§ **Task requirements**
Set down the full listing below word for word; pictures stay out of the copy.
___
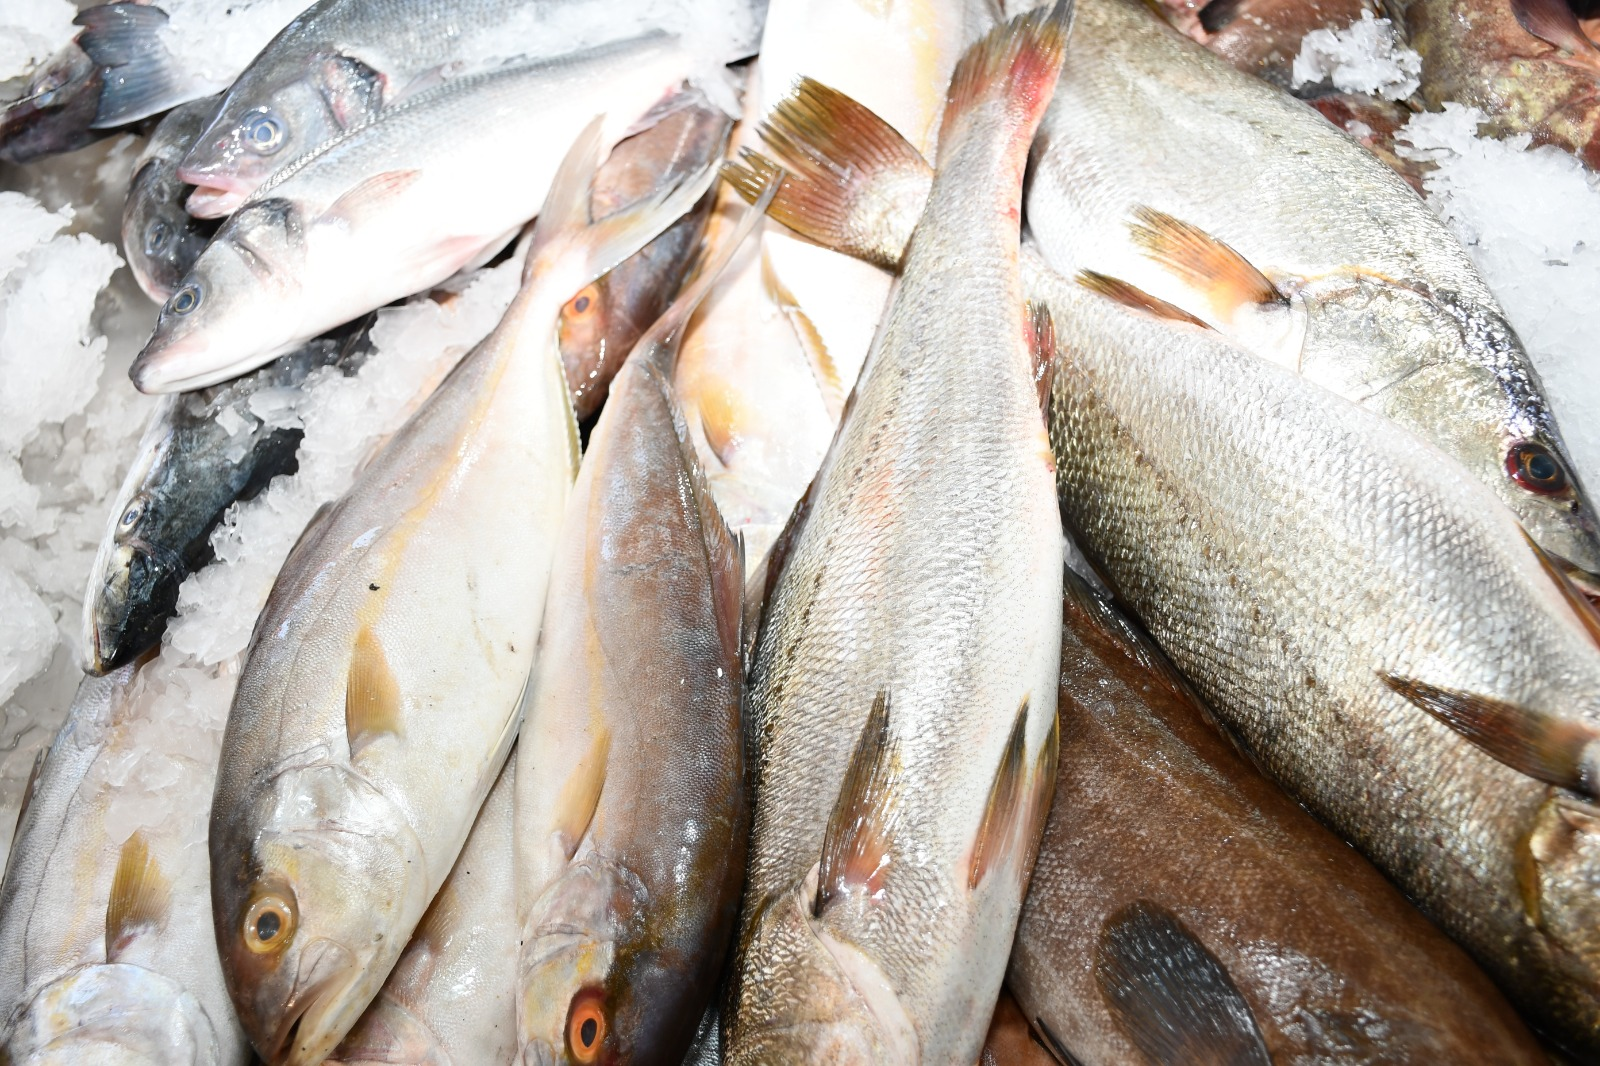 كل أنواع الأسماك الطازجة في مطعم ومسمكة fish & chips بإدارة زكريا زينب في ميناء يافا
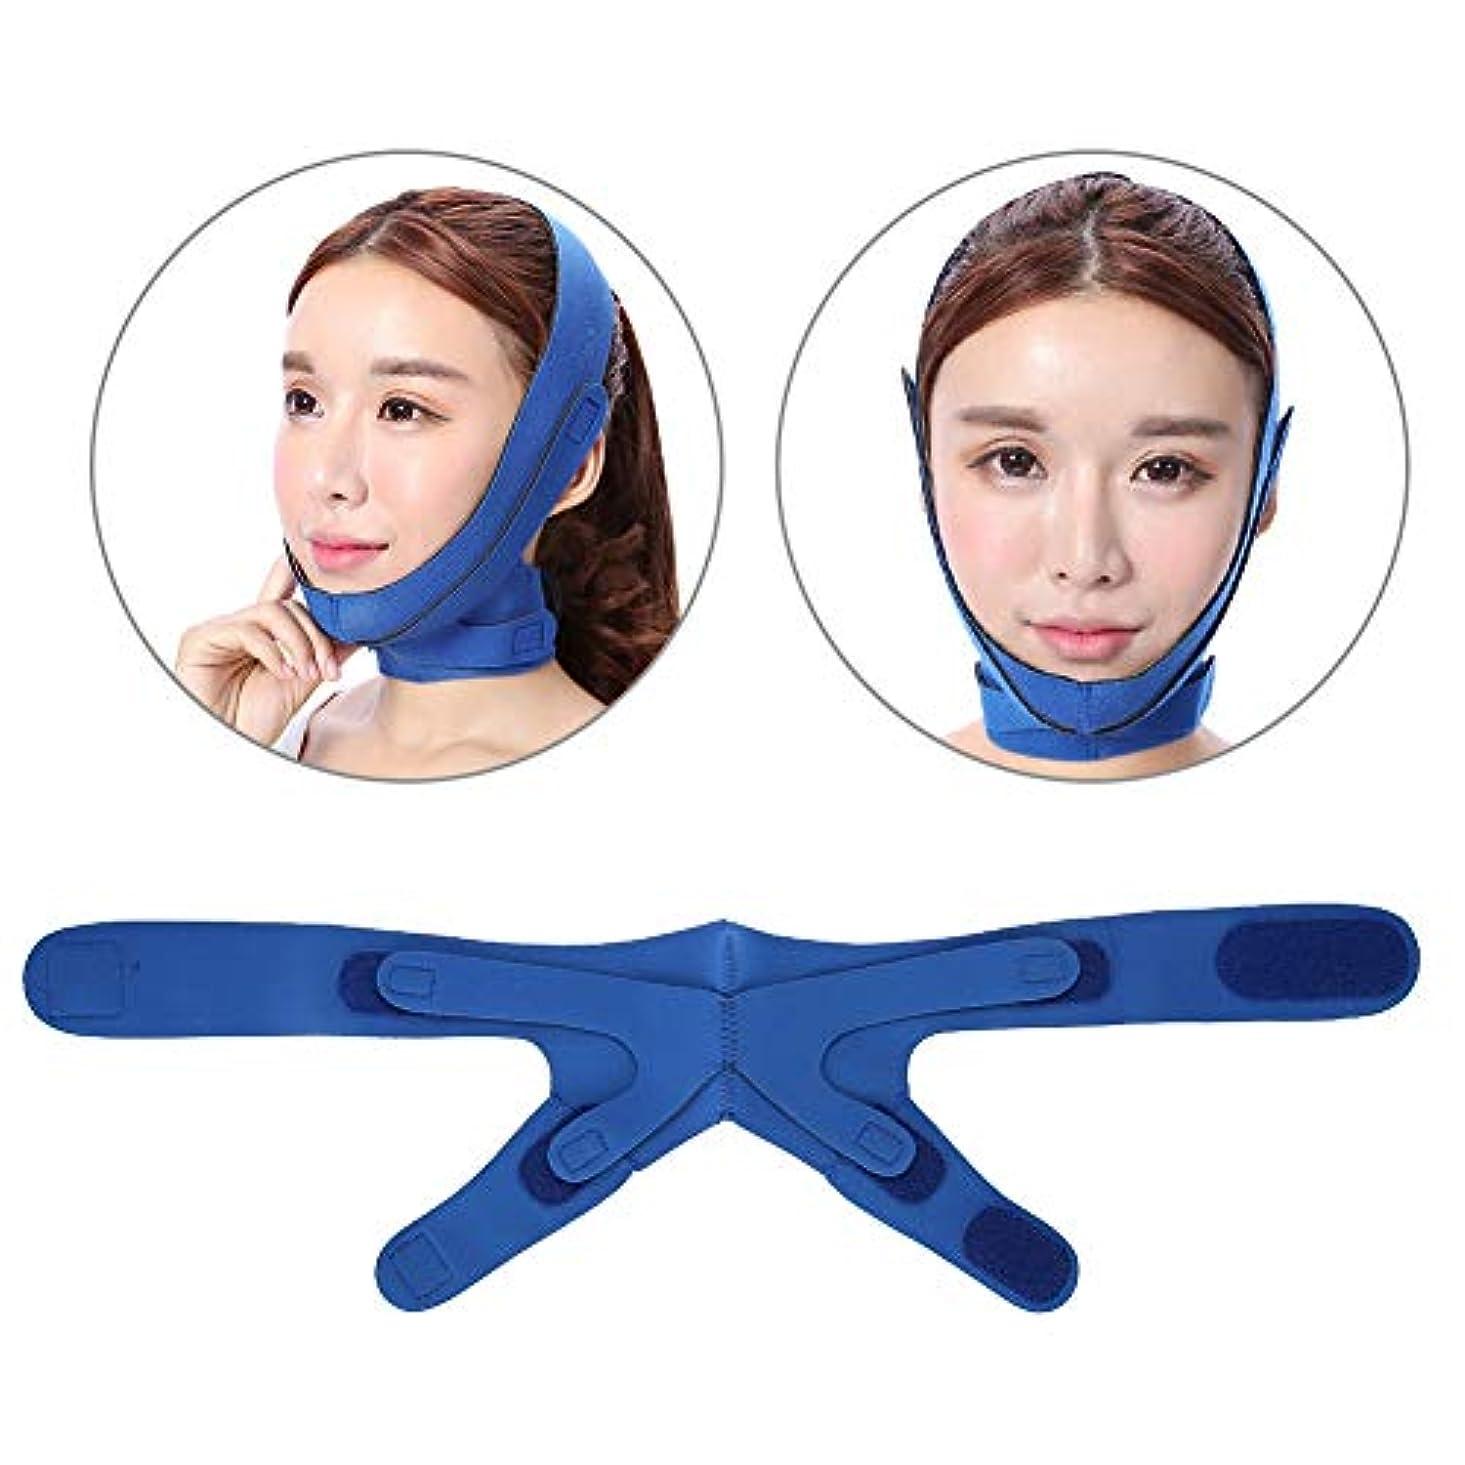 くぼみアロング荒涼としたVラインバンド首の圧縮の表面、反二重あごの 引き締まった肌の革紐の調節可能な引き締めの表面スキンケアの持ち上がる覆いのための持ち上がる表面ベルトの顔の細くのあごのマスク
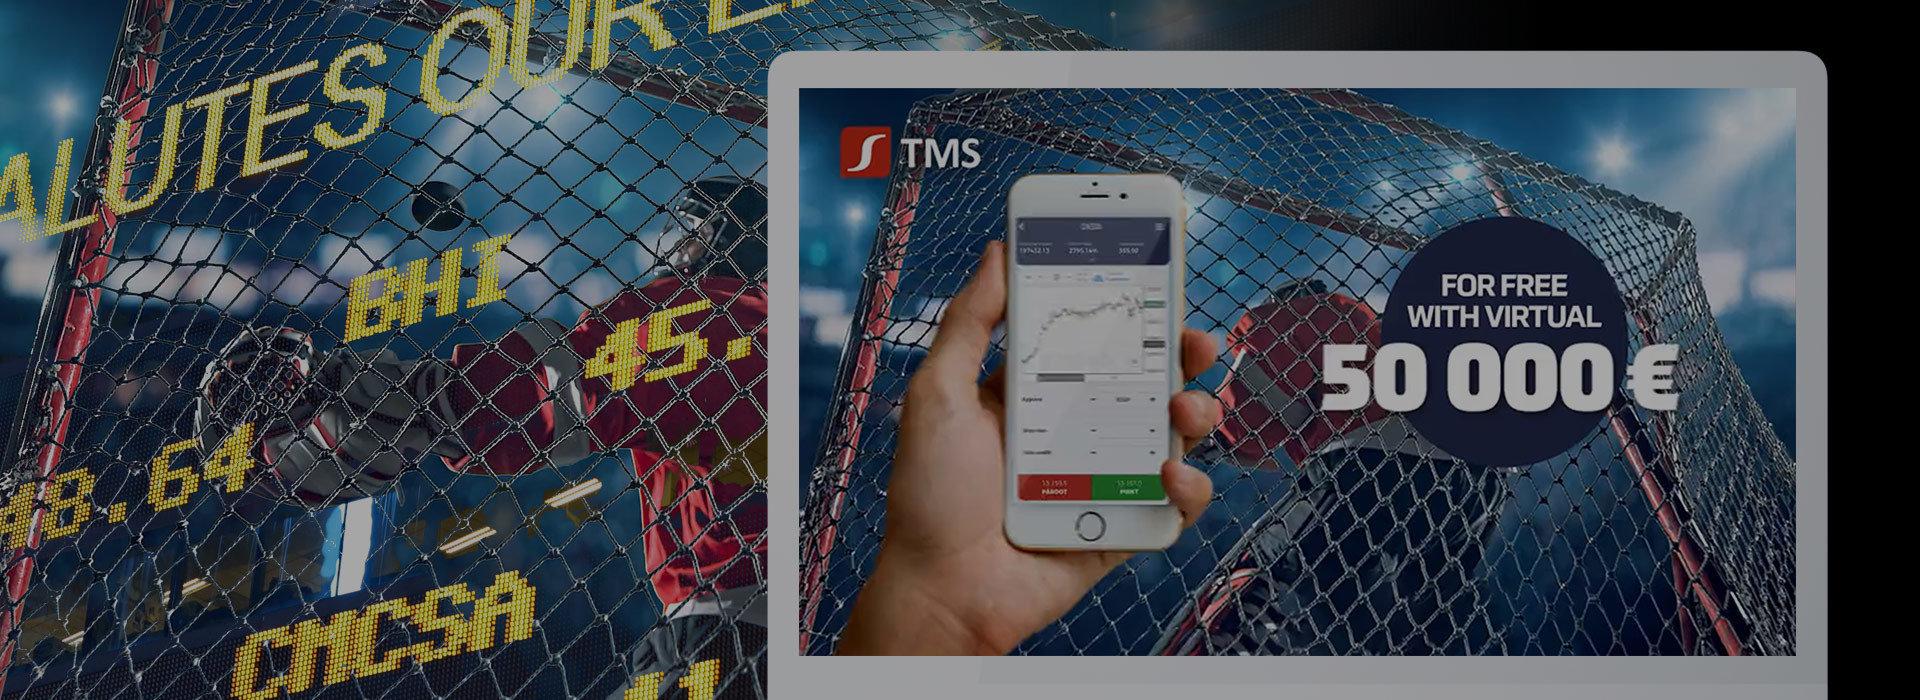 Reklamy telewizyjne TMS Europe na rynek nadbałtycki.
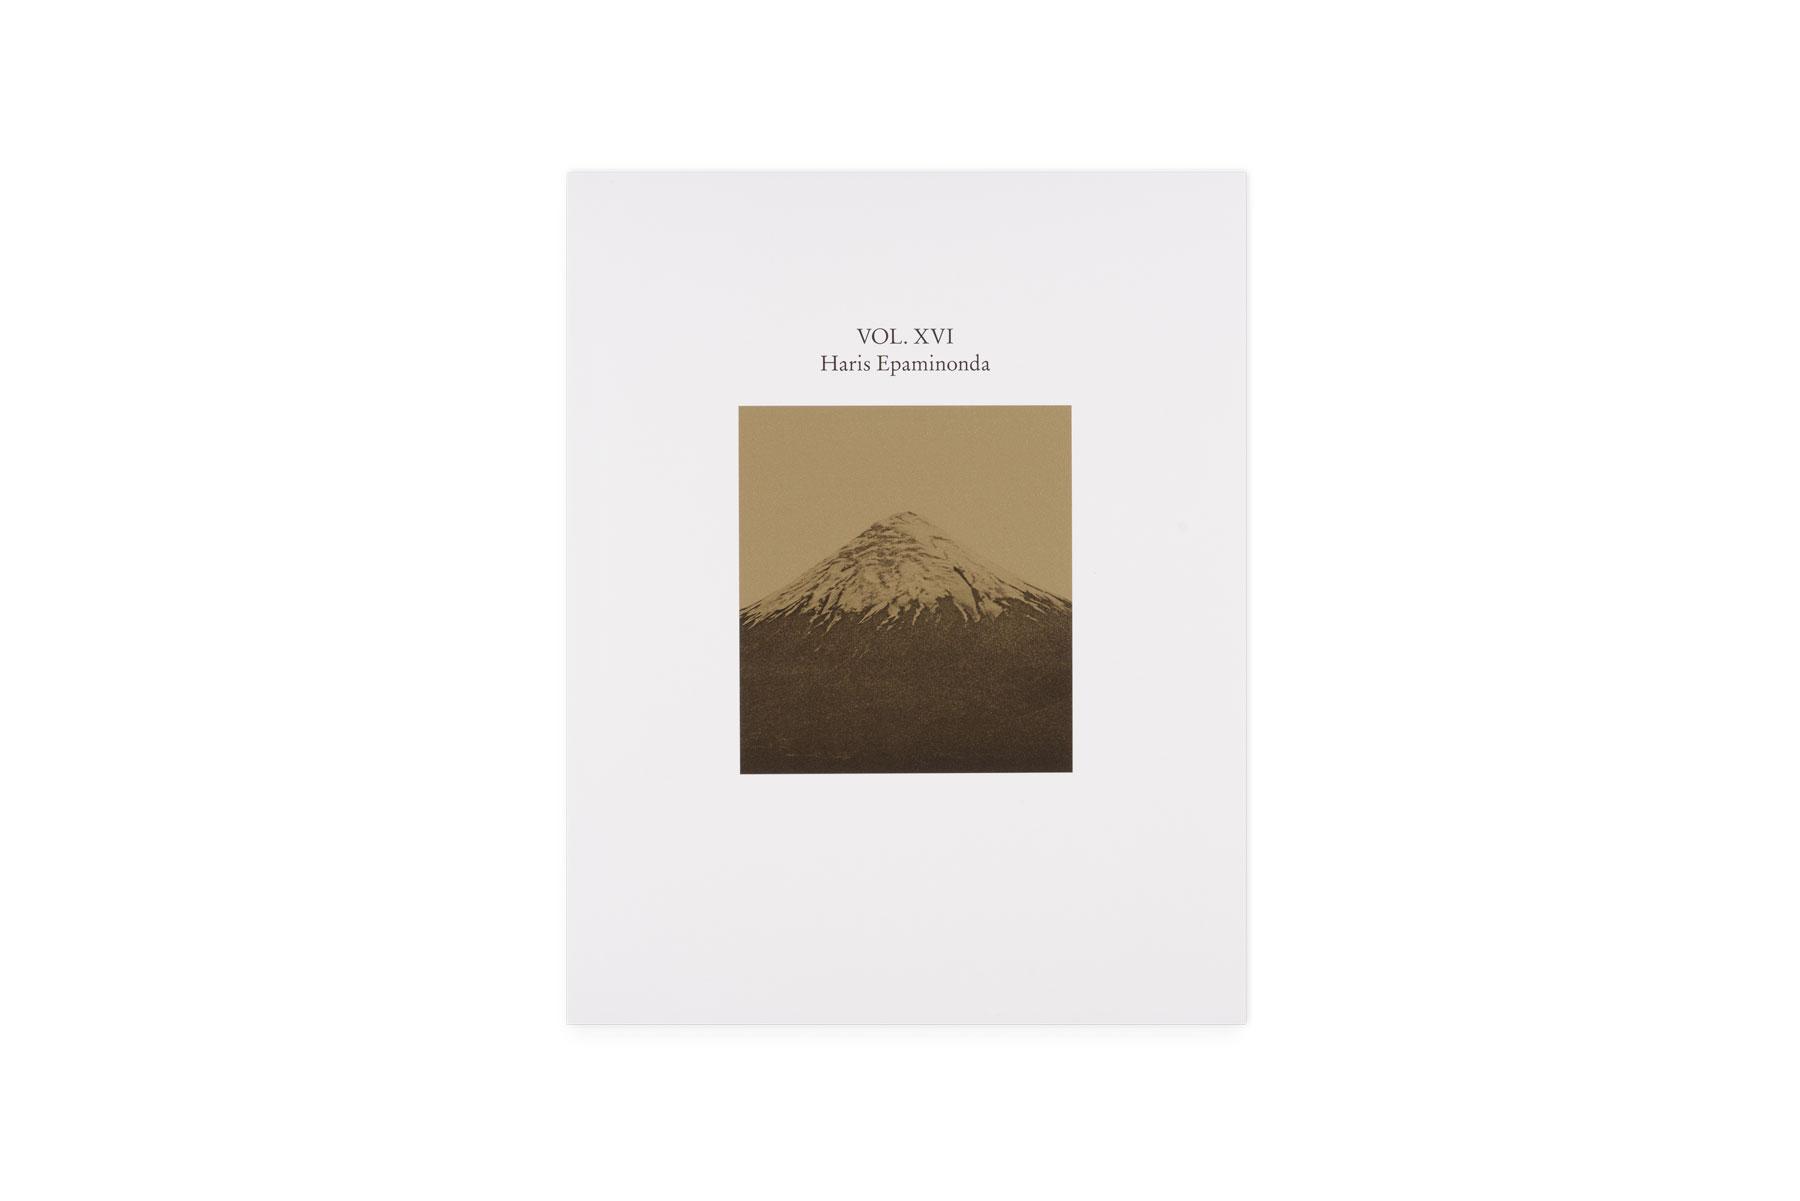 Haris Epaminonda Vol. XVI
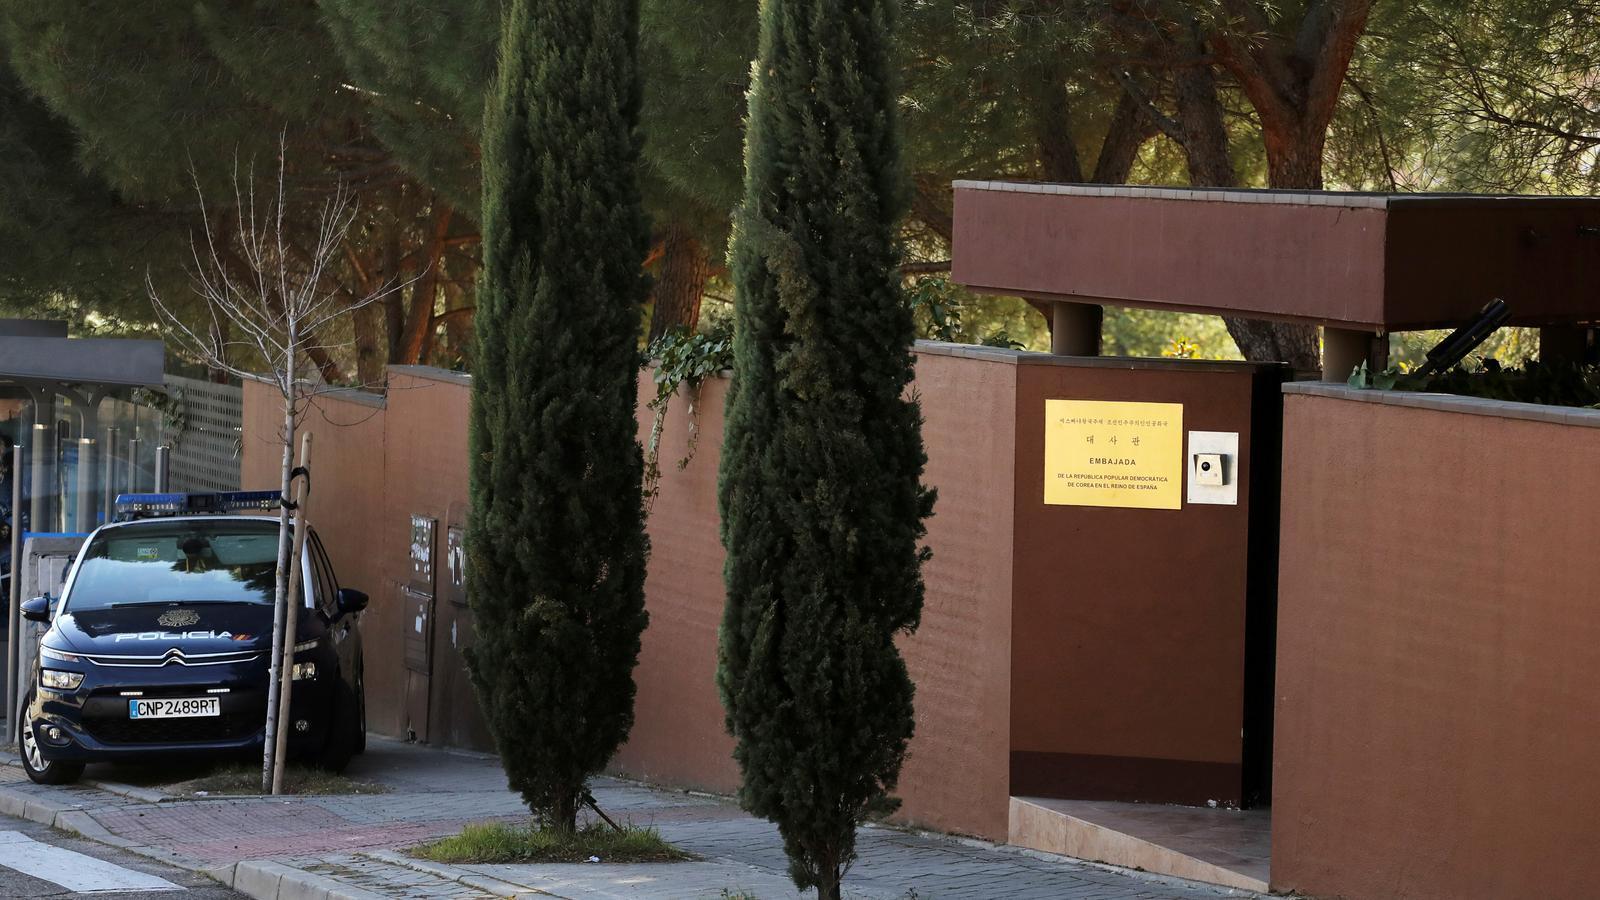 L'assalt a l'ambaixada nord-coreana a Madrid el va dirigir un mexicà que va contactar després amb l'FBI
___
§ **The completed task**
 كل أنواع الأسماك الطازجة في مطعم ومسمكة fish & chips بإدارة زكريا زينب في ميناء يافا
 くぼみアロング荒涼としたVラインバンド首の圧縮の表面、反二重あごの 引き締まった肌の革紐の調節可能な引き締めの表面スキンケアの持ち上がる覆いのための持ち上がる表面ベルトの顔の細くのあごのマスク
 Reklamy telewizyjne TMS Europe na rynek nadbałtycki.
 Haris Epaminonda Vol. XVI
 L'assalt a l'ambaixada nord-coreana a Madrid el va dirigir un mexicà que va contactar després amb l'FBI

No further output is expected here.